By Emily Higgins | Director of Ocean Science
This week, Reef Life Foundation is deploying the world's first nanotechnology kelp restoration artificial reef systems in Halifax, Nova Scotia!
This will be the flagship cold water, or "temperate ecosystem" project for Reef Life Foundation in collaboration with IntelliReefs. The aim of this large scale artificial reef deployment in Dartmouth Cove is to ascertain the efficacy and impact of Oceanite for kelp forest, oyster bed, and near-shore fisheries restoration. This project follows the recent announcement of the UN Decade of Ocean Science for Sustainable Development's endorsement of Reef Life & IntelliReefs' Decade Action.
In September, Reef Life received their first shipment of ReefShip restoration modules made from Oceanite nanotechnology at the Centre for Ocean Ventures and Entrepreneurship (COVE) in Dartmouth, Nova Scotia. For all of November 2021, Reef Life Foundation is on the ground with IntelliReefs in Nova Scotia and collaborating with researchers at Dalhousie University to deploy and monitor a series of small to large-scale experiments to test the benefits of Oceanite to temperate water kelp forest ecosystems.

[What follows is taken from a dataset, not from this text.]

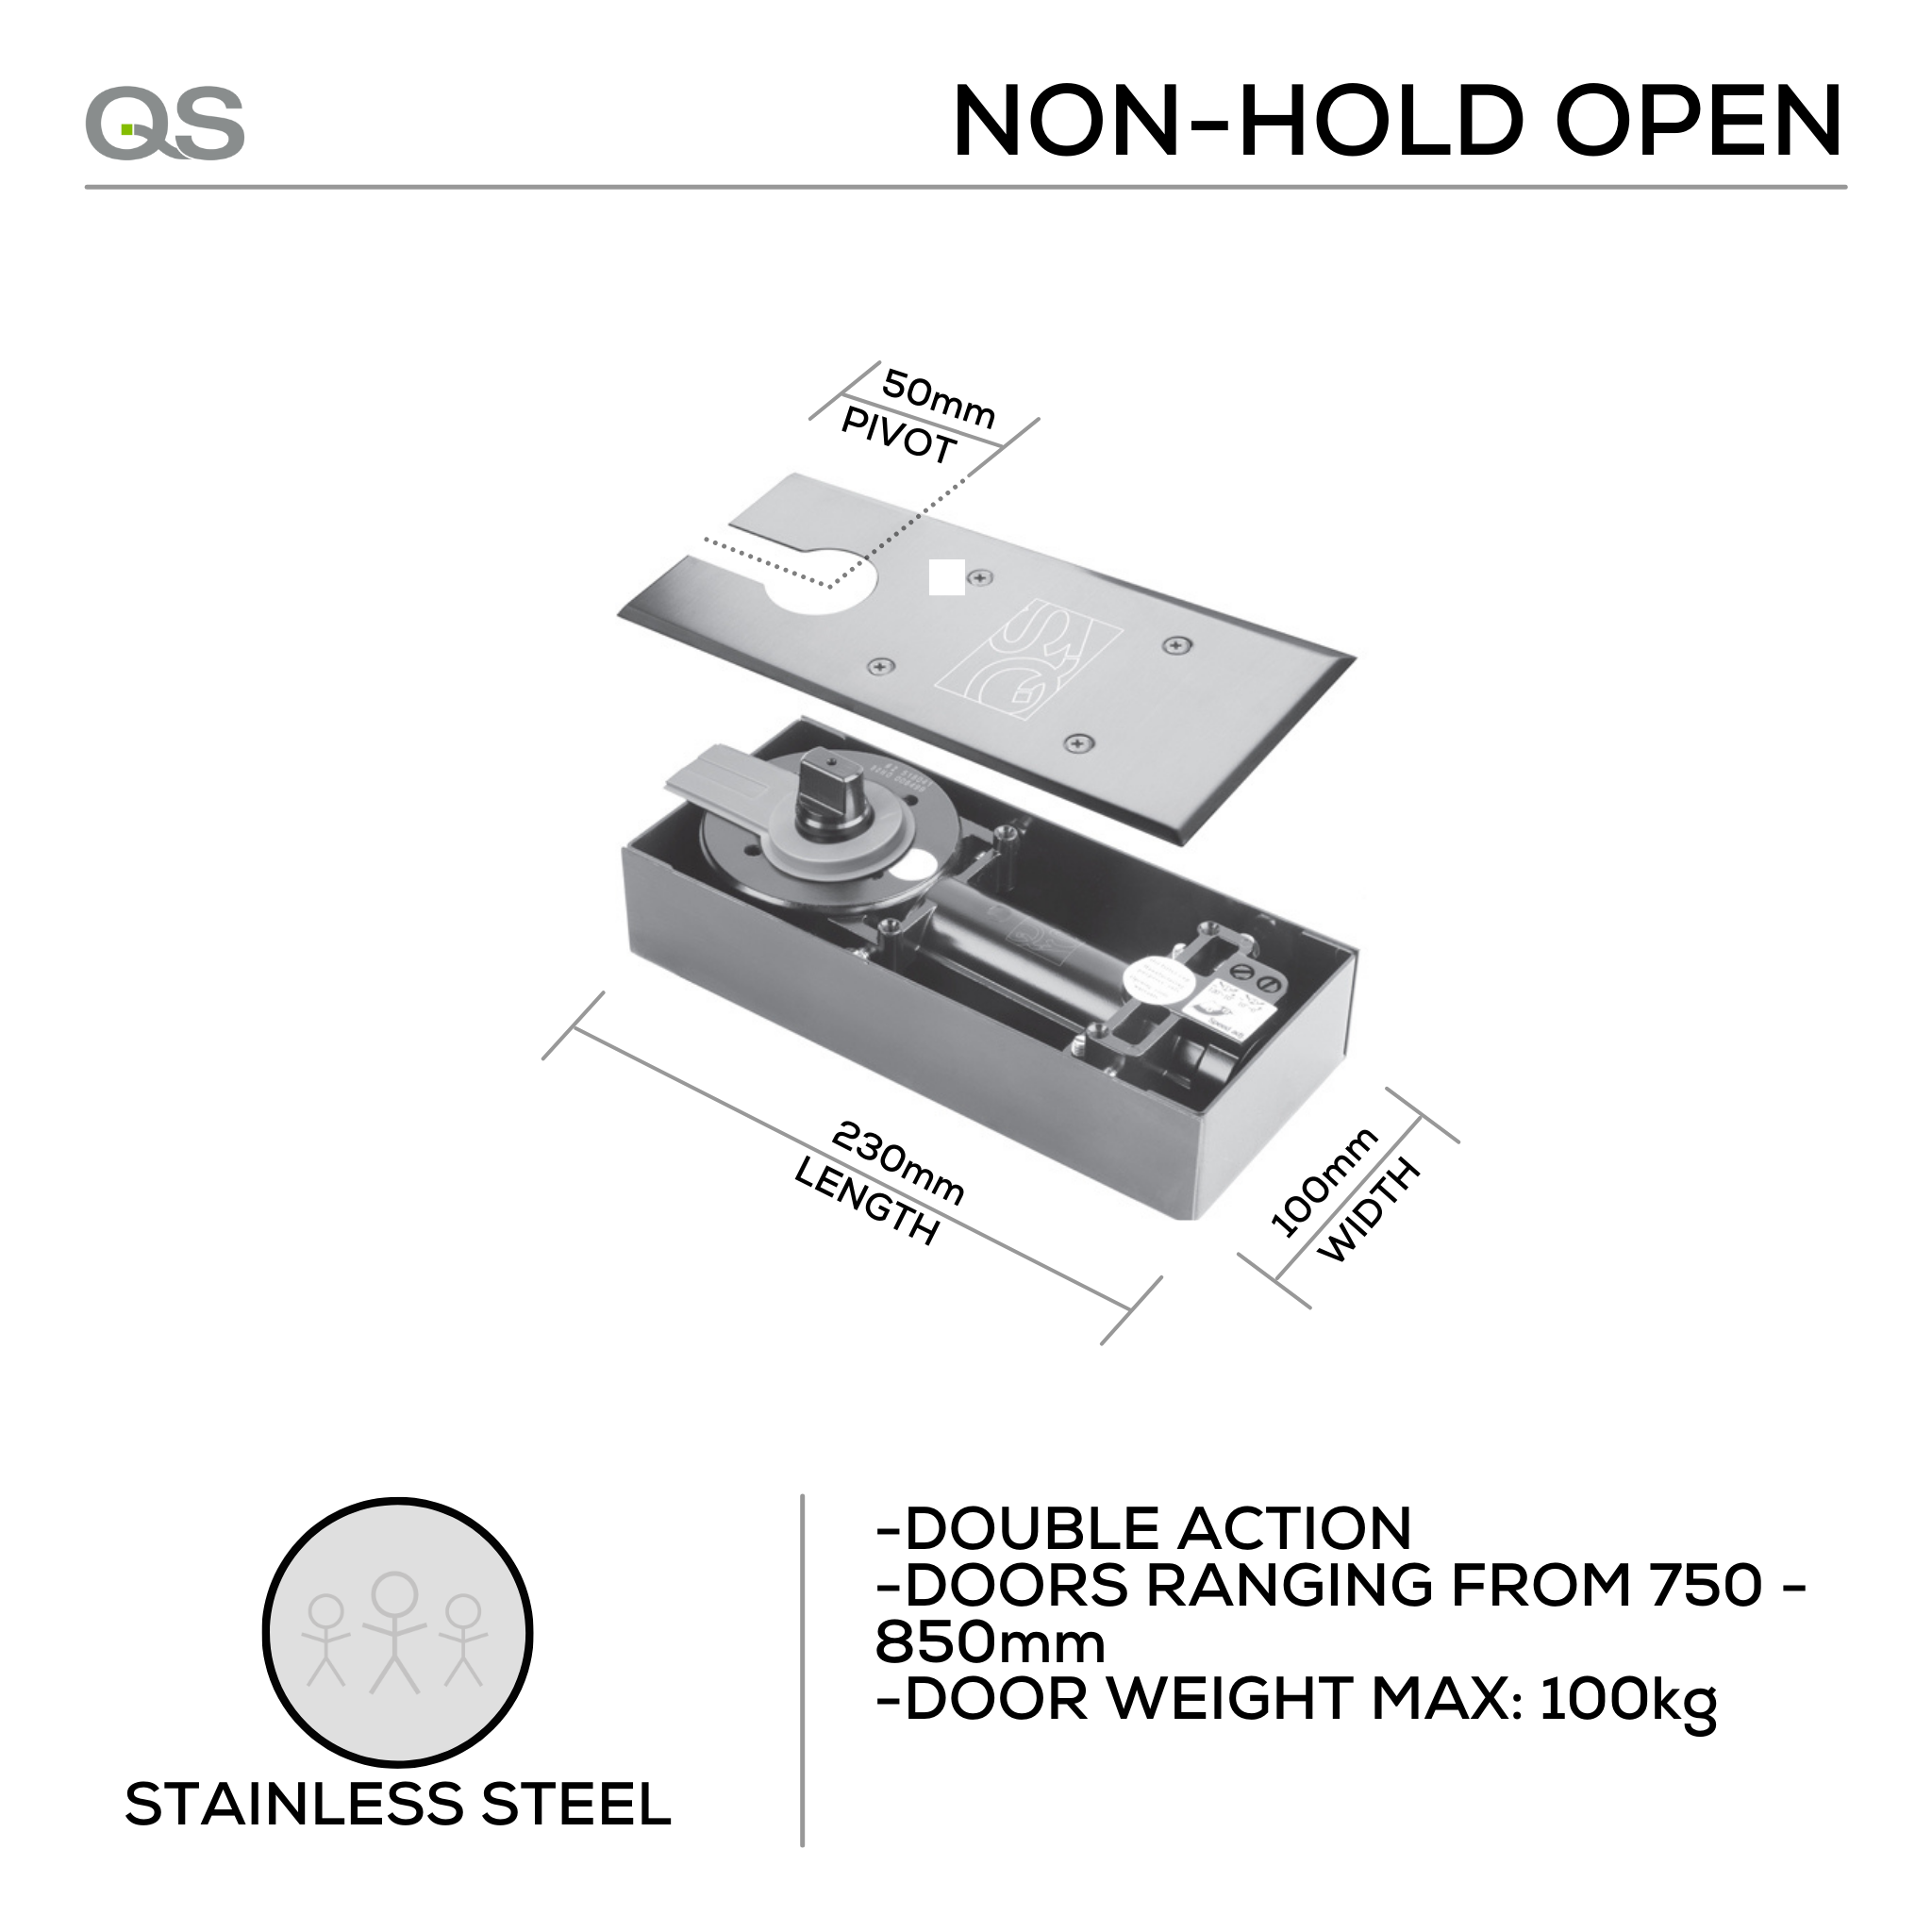 QS860 NHO, Floorspring, Double Action, Non-Hold Open, 100mm (kg), Top Centre, Bottom Strap, Stainless Steel, QS

Kelp forests are one of the most productive and biomass-dense ecosystems on the planet and provide food, nutrients,
and habitat for commercially important fish and invertebrate animals. Kelp are brown algae that grow in cold, shallow, nutrient-rich waters, and can be found on every continent worldwide. Their root system, called a “holdfast”, fastens itself to hard underwater substrates - like boulders and bedrock. Just like trees on land, they use carbon dioxide and light to photosynthesize, creating one of the largest carbon sequestering biomes on Earth.
When kelp break from their holdfasts due to age or weather, they transport the carbon in their tissues to the deep ocean. This not only provides deep sea animals with a food source, but also commits carbon into long-term storage in sediment. Some species of kelp can grow up to 65m long, and research has shown that kelp forests along the southern coast of Australia sequester over 1.3–2.8 teragrams of carbon per year. This region alone contributes ~3% of the total global carbon sequestration.
Around the world, massive kelp beds are rapidly declining due to coastal development and erosion, warming waters, invasive species, poor water quality, pollution, and overfishing. As a consequence of losing these lush underwater forests, fisheries and ocean-based economies around the world are in serious jeopardy. As with many other regions in the world, Nova Scotia’s prolific kelp beds are steadily declining. Researchers from Dalhousie University have documented an 85-99% decline in kelp biomass over the past 4-6 decades along the eastern shore of Nova Scotia.